* **PROBLEM REQUIREMENTS**
Nothing but the lines below from the one containing "Raeburn | Box view" through the one containing "Swissgear 5888 ScanSmart Laptop Backpack" should appear in the answer, exact and without pictures.

**** DATA FOR ANALYSIS

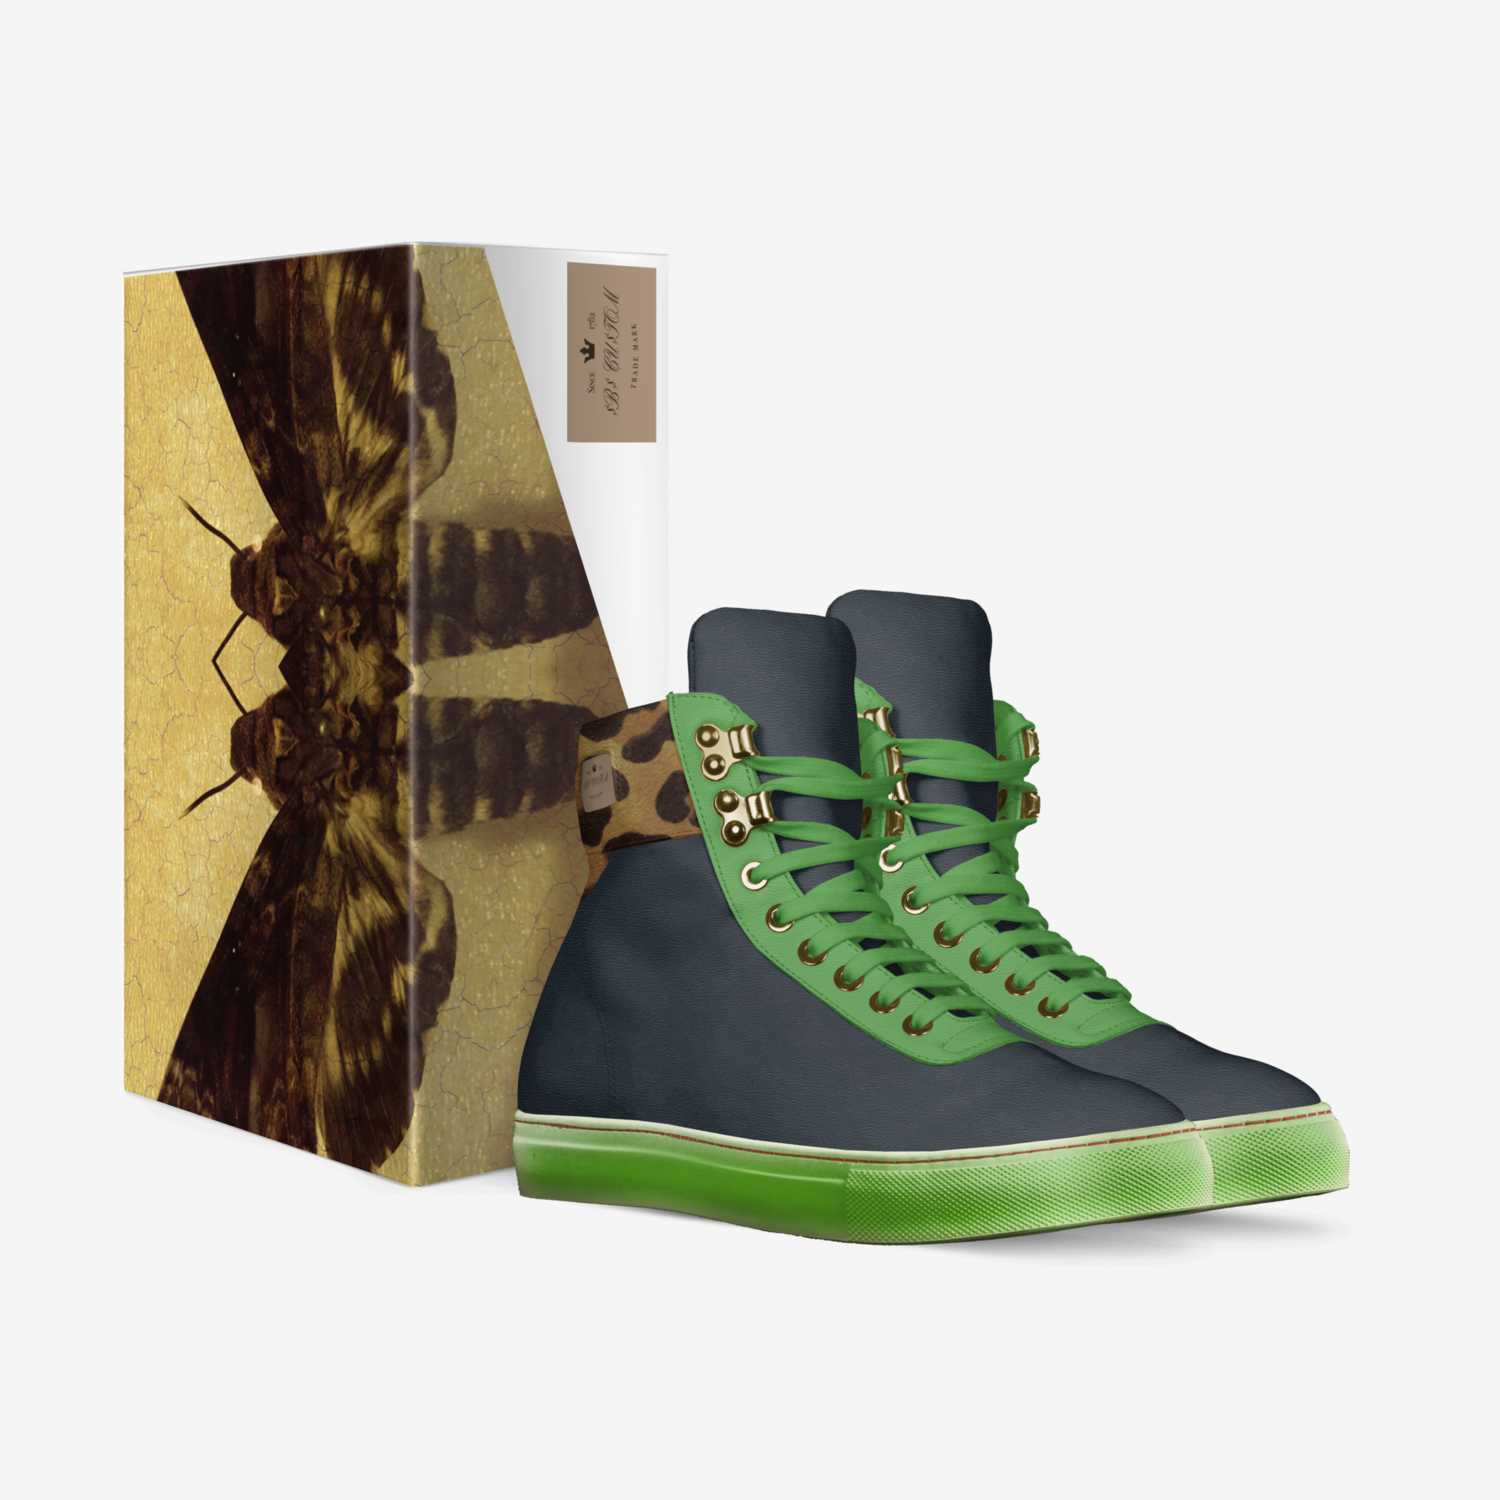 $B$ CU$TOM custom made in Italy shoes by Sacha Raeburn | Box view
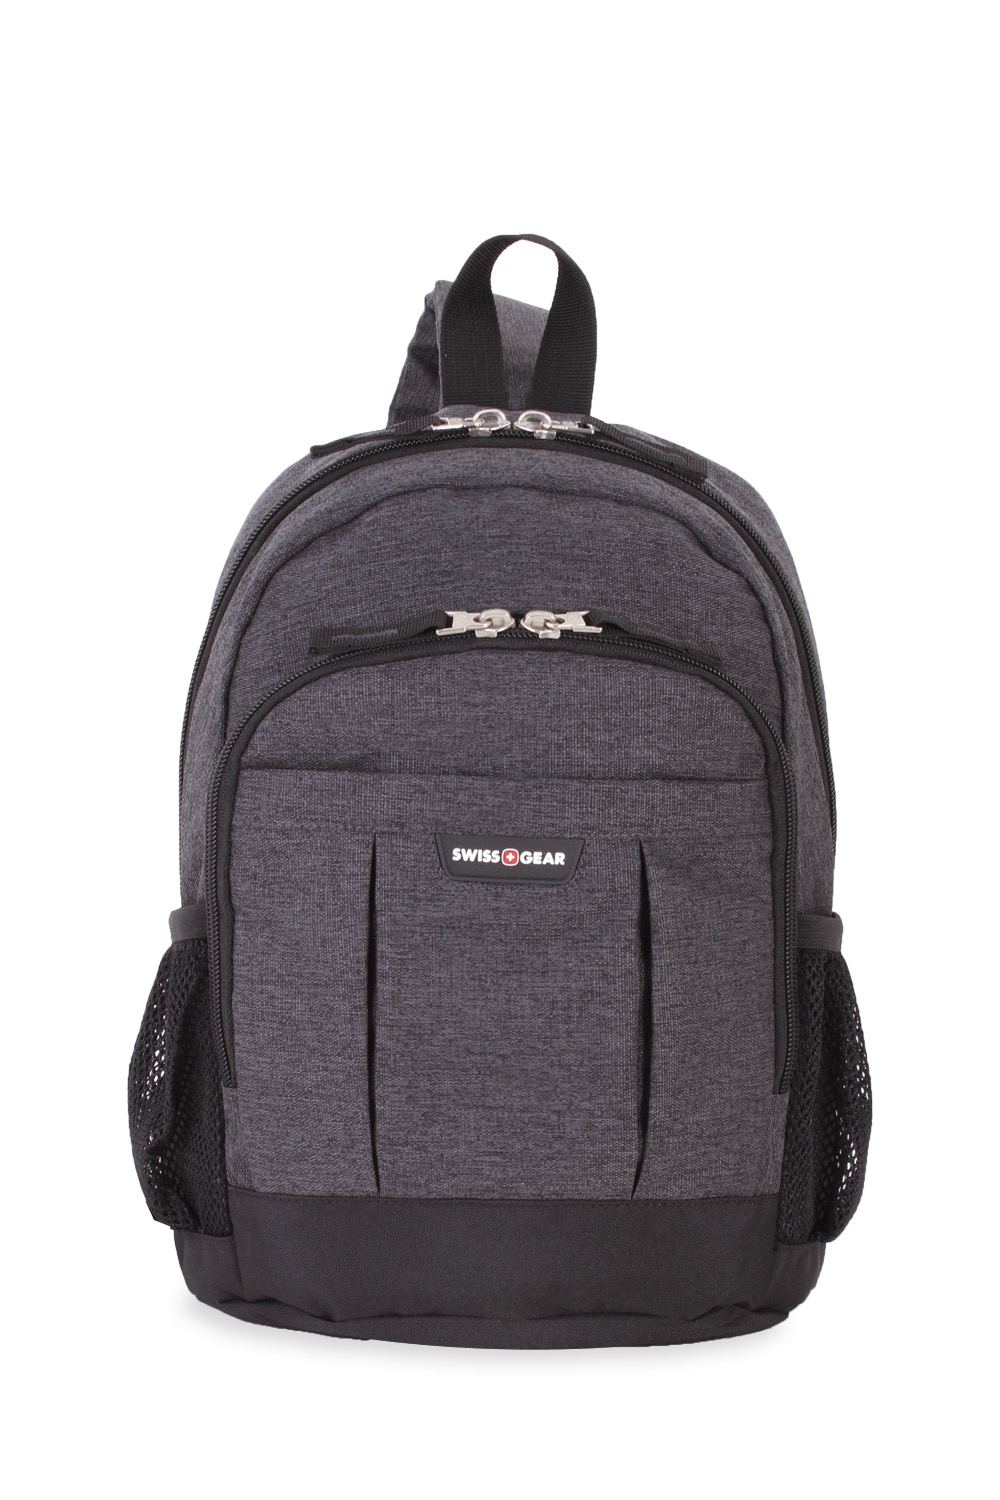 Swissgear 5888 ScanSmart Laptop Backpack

********
**** DATA FOR ANALYSIS

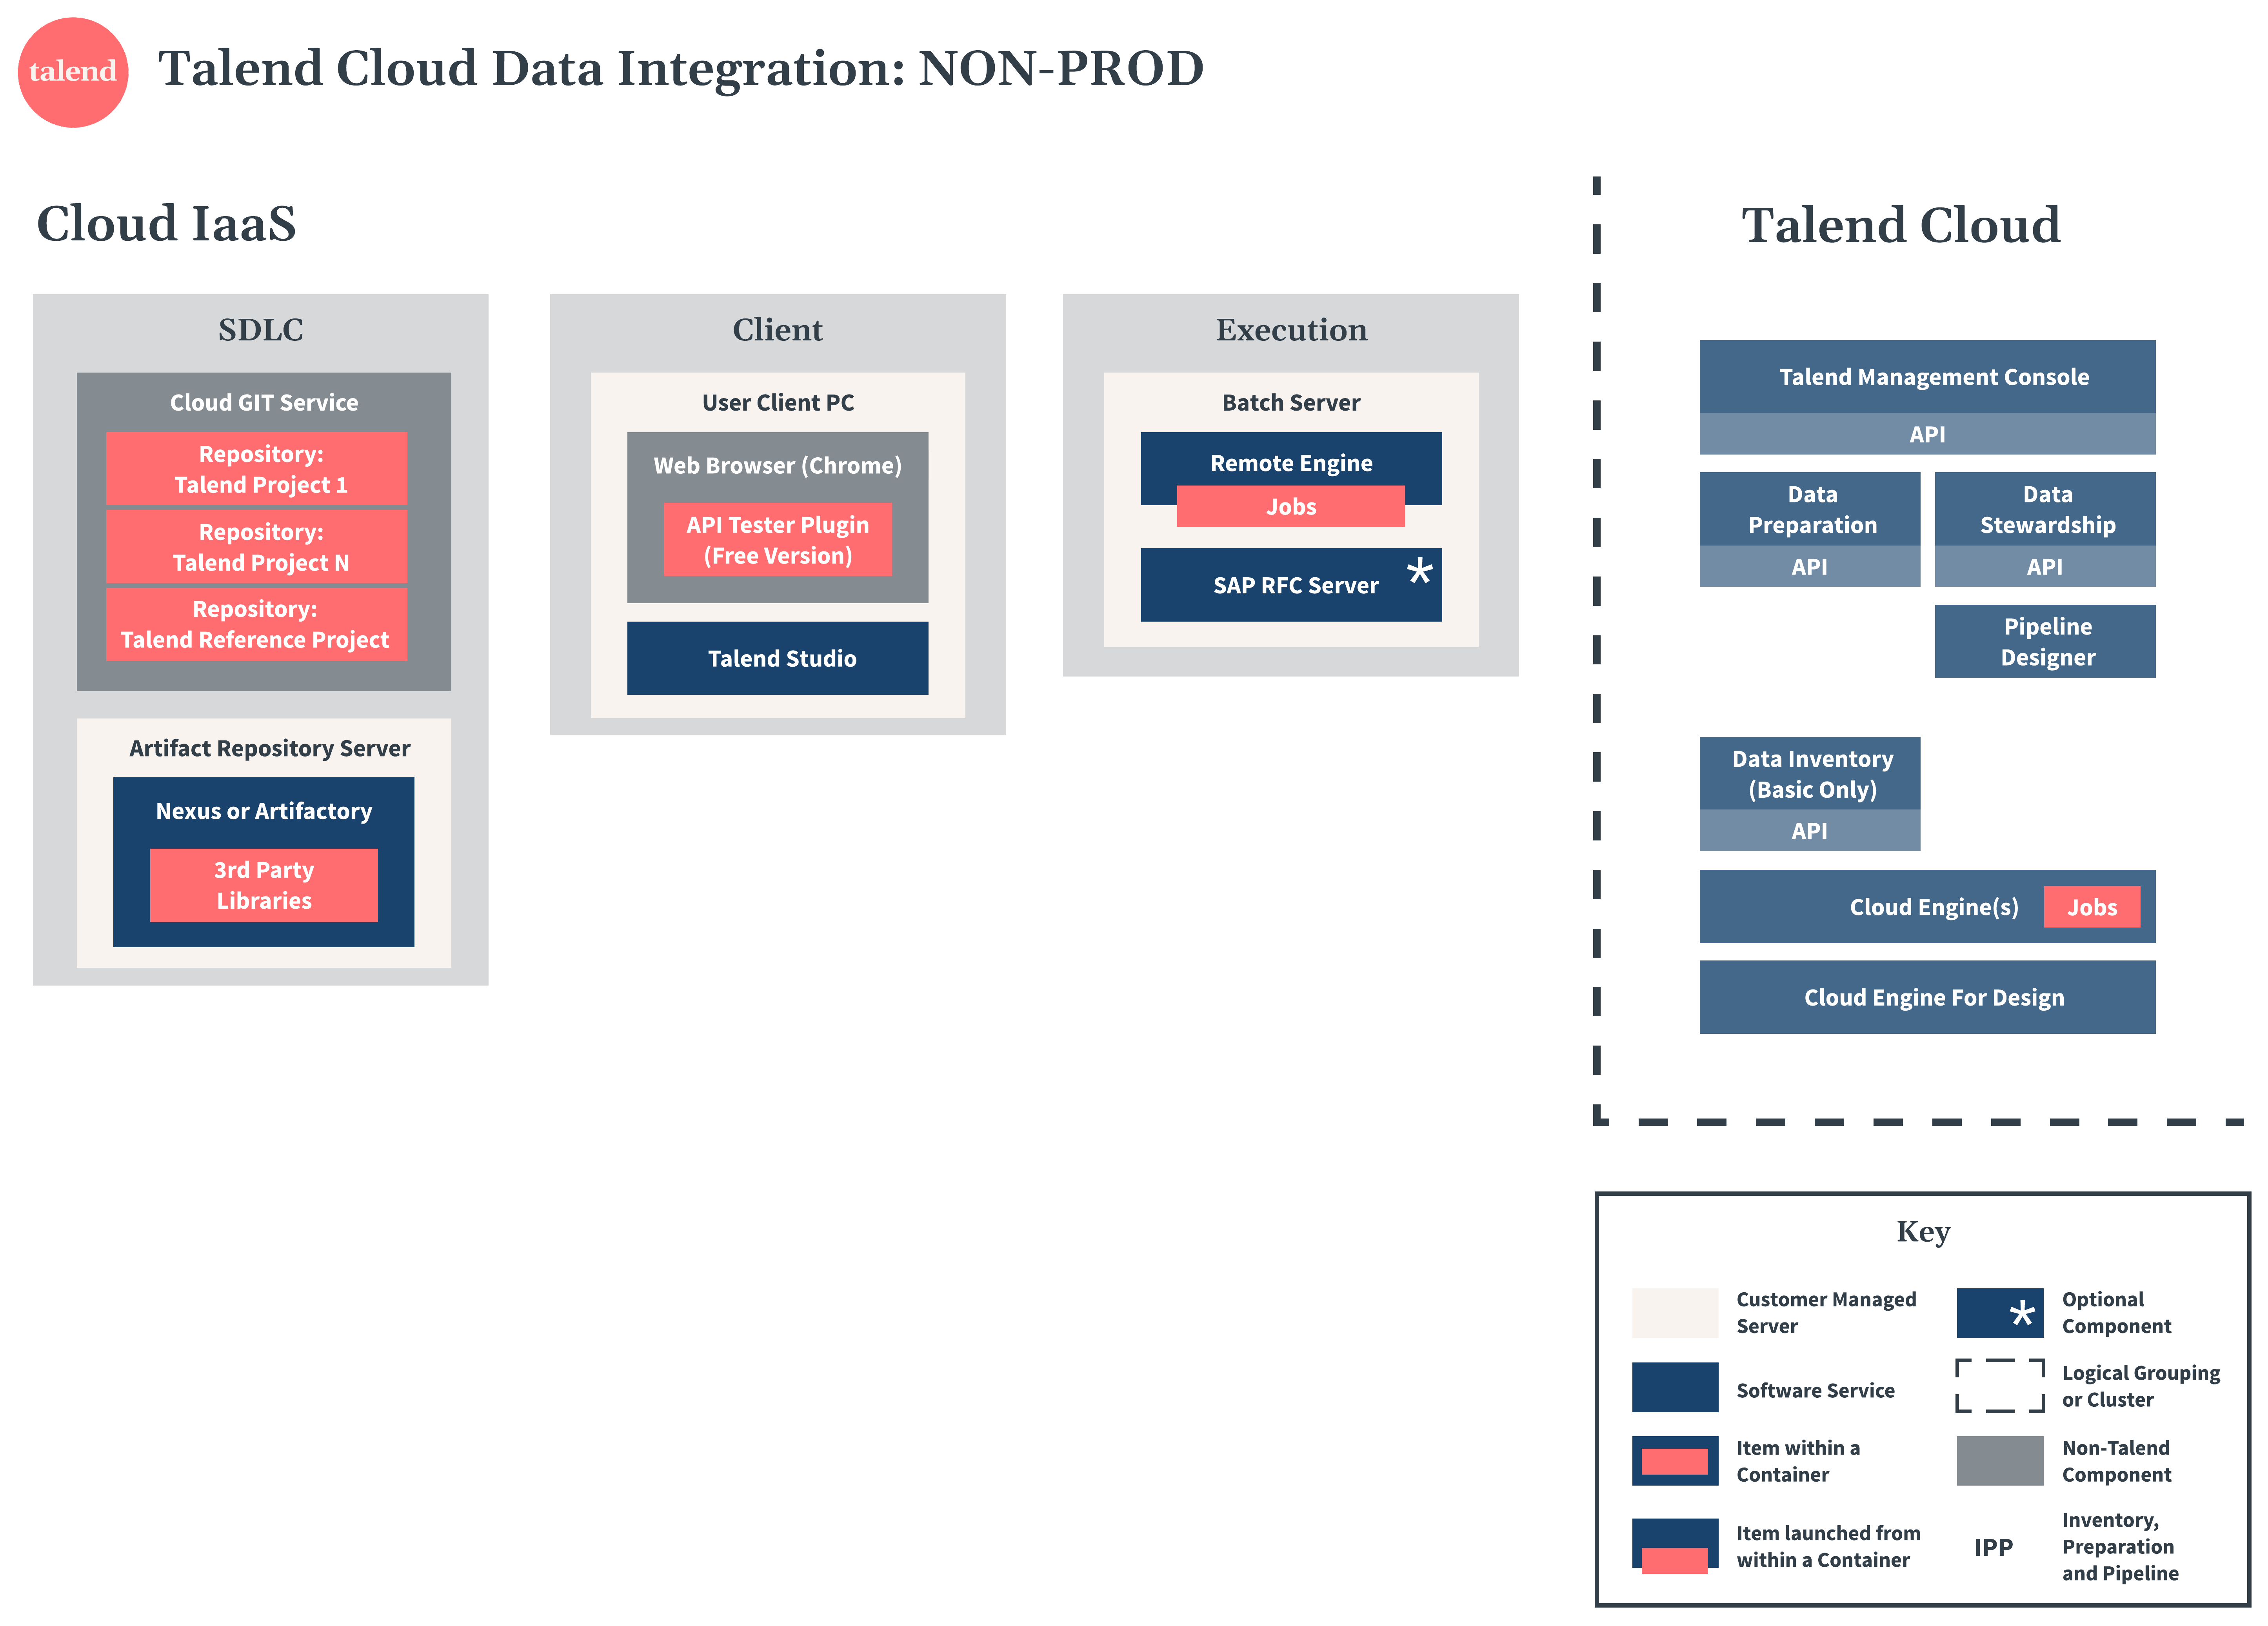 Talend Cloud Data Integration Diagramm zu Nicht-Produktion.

********

* **ANSWER BOX**
 $B$ CU$TOM custom made in Italy shoes by Sacha Raeburn | Box view
 Swissgear 5888 ScanSmart Laptop Backpack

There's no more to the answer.